Читаем Пакт. Гитлер, Сталин и инициатива германской дипломатии. 1938-1939 полностью

Они, писал позднее Вайцзеккер[703], предусматривали что-то боль­шее, чем простой «зондаж у советского поверенного в делах в Берлине». С одной стороны, советскому представителю на встрече в первый раз ясно дали понять, что она санкционирована самим Гитлером[704]. С дру­гой стороны, по форме и содержанию она была спланирована таким об­разом, чтобы с помощью обольщения, угрозы и предостережения заставить Советское правительство высказаться. Это, в частности, явс­твует из двух записок, составленных, вероятно, в тот же день в Зонненбурге, в которых определялся образ действий Вайцзеккера на встрече, запланированной на следующий день. Одна из этих записок[705] принад­лежит, по-видимому, перу Гауса, другую же, должно быть, составил сам Вайцзеккер[706] как памятку. Пометки на полях, сделанные рукой Вайцзеккера, содержат инструкции относительно поведения на от­дельных этапах беседы. Так, например, указав на то, что, по мнению немцев, «агрессивное продвижение идеи мировой революции не явля­ется больше составной частью нынешней советской внешней политики», ему затем следовало предложить, чтобы обе стороны «не вмешивались во внутреннюю политику друг друга»; рассуждая о воз­можностях «постепенной нормализации германо-советских отноше­ний», он должен был упомянуть «Украину», то есть напомнить об отказе Гитлера от Закарпатской Украины в качестве доказательства его миролюбия. Потом Вайцзеккеру нужно было «ледяным» тоном, уг­рожая, вставить, что, дескать, «Советскому правительству самому су­дить, сохранилось ли при нынешнем состоянии англо-советских переговоров еще и пространство для разговоров с Германией».

Эти маргиналии появились в соответствии с пожеланиями или под прямым влиянием Гитлера. Ибо 18 июля 1939 г. Вайцзеккер записал в дневнике: «Игра последних дней — отношение к России и Японии. Рос­сия сегодня еще очень слаба, но высоко котируется на международной бирже. Мы делаем авансы. Сам я 14 дней назад, согласно личному ука­занию фюрера, сказал поверенному в делах, что они, если пожелают, могут стать нашими друзьями или врагами. Однако русские все еще пи­тают сильное недоверие»[707].

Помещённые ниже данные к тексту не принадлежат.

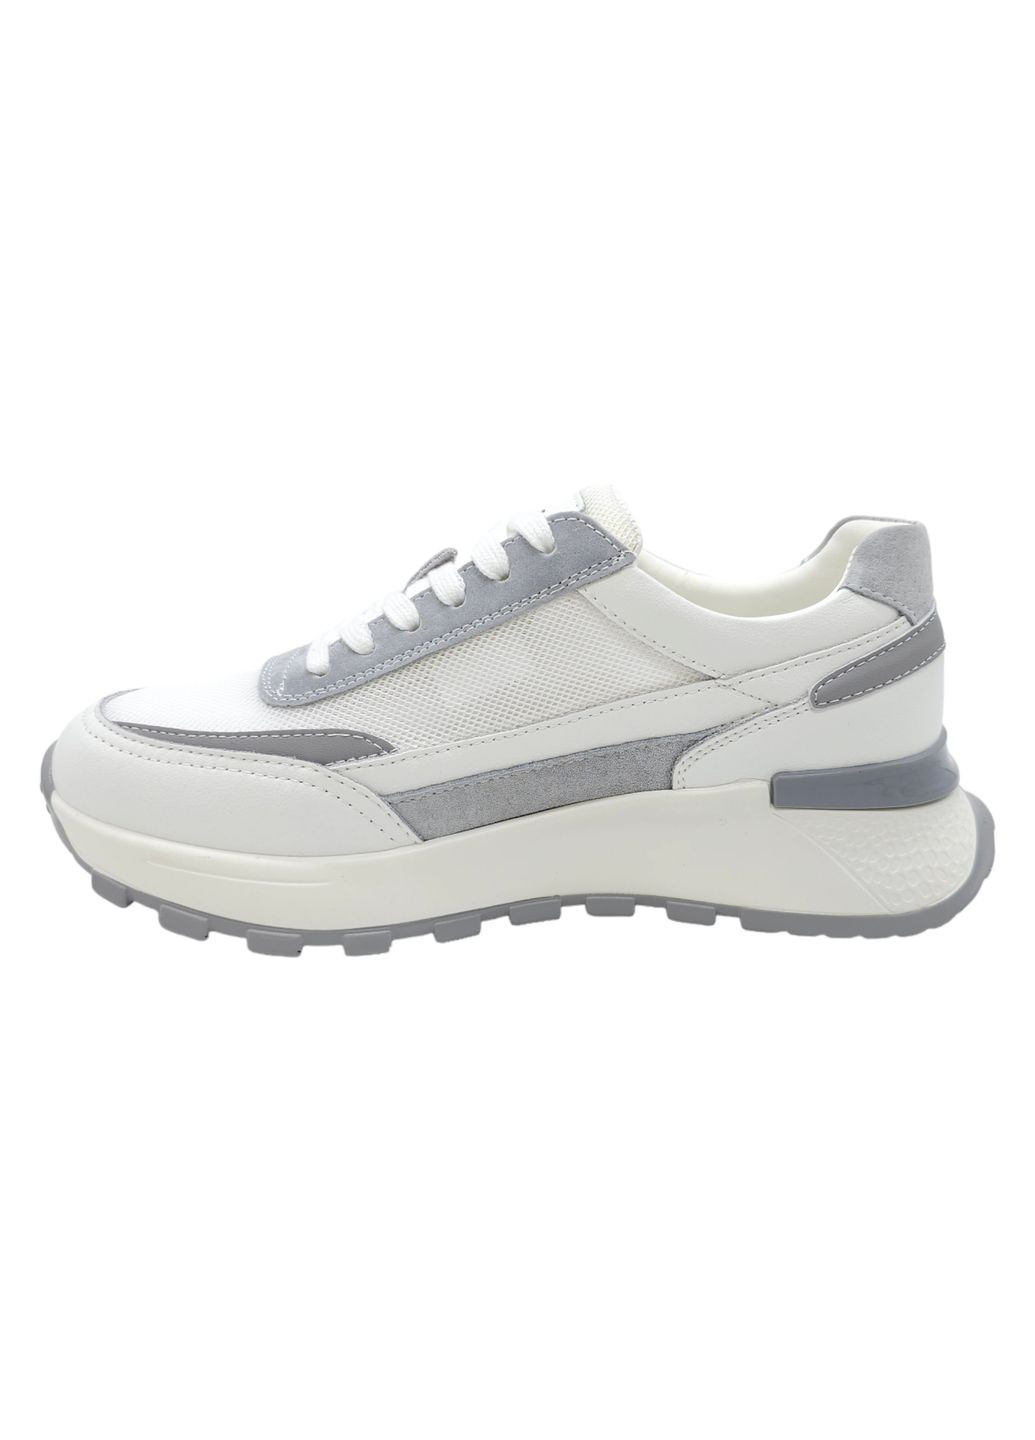 Белые всесезонные женские кроссовки белые кожаные l-10-54 23 см(р) Lonza

После войны Вайцзеккер подчеркивал, что переговоры он «вел охотно», ибо «на протяжении всего национал-социалистского периода не мог понять, почему мы сами давали повод нашим многочисленным противникам строить свою политику, исходя из непоколебимой уве­ренности в германской вражде по отношению к России. Поэтому на­дежда в нашем теперешнем столь затруднительном положении исправить эту ошибку казалась заманчивой». При этом он полностью осознавал двусмысленность подобной формы сближения. С одной сто­роны, он, разделяя аргументы германского посольства в Москве, видел в попытке «уменьшения напряженности с Россией... действенную внешнюю политику», которая полностью отказывалась от внутриполи­тических доктрин и могла способствовать сохранению мира. Быстрого сближения, выходящего за рамки «нормальных немецко-русских отно­шений», он не ожидал и не считал желательным. В основе его интереса к России лежало, как он считал позднее, чисто (оборонительное) намере­ние — предотвратить направленный против Германии тройственный союз. С другой же стороны, он знал, что замыслы Гитлера были совер­шенно иными. «Когда после всей брани Гитлер старался протянуть Сталину руку», в виду имелся «наступательный план». «С прочным германо-советским договором в кармане он мог... вполне показать, что теперь путь на Варшаву свободен, что Польша стала его собственно­стью. Таким образом, при складе ума Гитлера... опасность для мира возникала в тот момент, когда он отказывался от вражды с Россией». С точки зрения Вайцзеккера, проблему создавала не нормализация отно­шений, а фактическое далеко идущее сближение. «С началом сближе­ния, — писал он. — Гитлер уже не смог бы обращать жадные взоры к советской территории. С другой стороны, Гитлер не мог удовлетворить свои аппетиты за счет польской территории до тех пор, пока у него не было полной уверенности относительно позиции Москвы». По мнению статс-секретаря, «для мира... было бы лучше неопределенное положе­ние, при котором Москва не пришла бы к окончательному соглашению ни с западными странами, ни с Гитлером. Такое неопределенное поло­жение помогло бы пережить лето и выиграть время. Зимой же даже Гит­лер не смог бы начать войну. А там было бы видно»[708].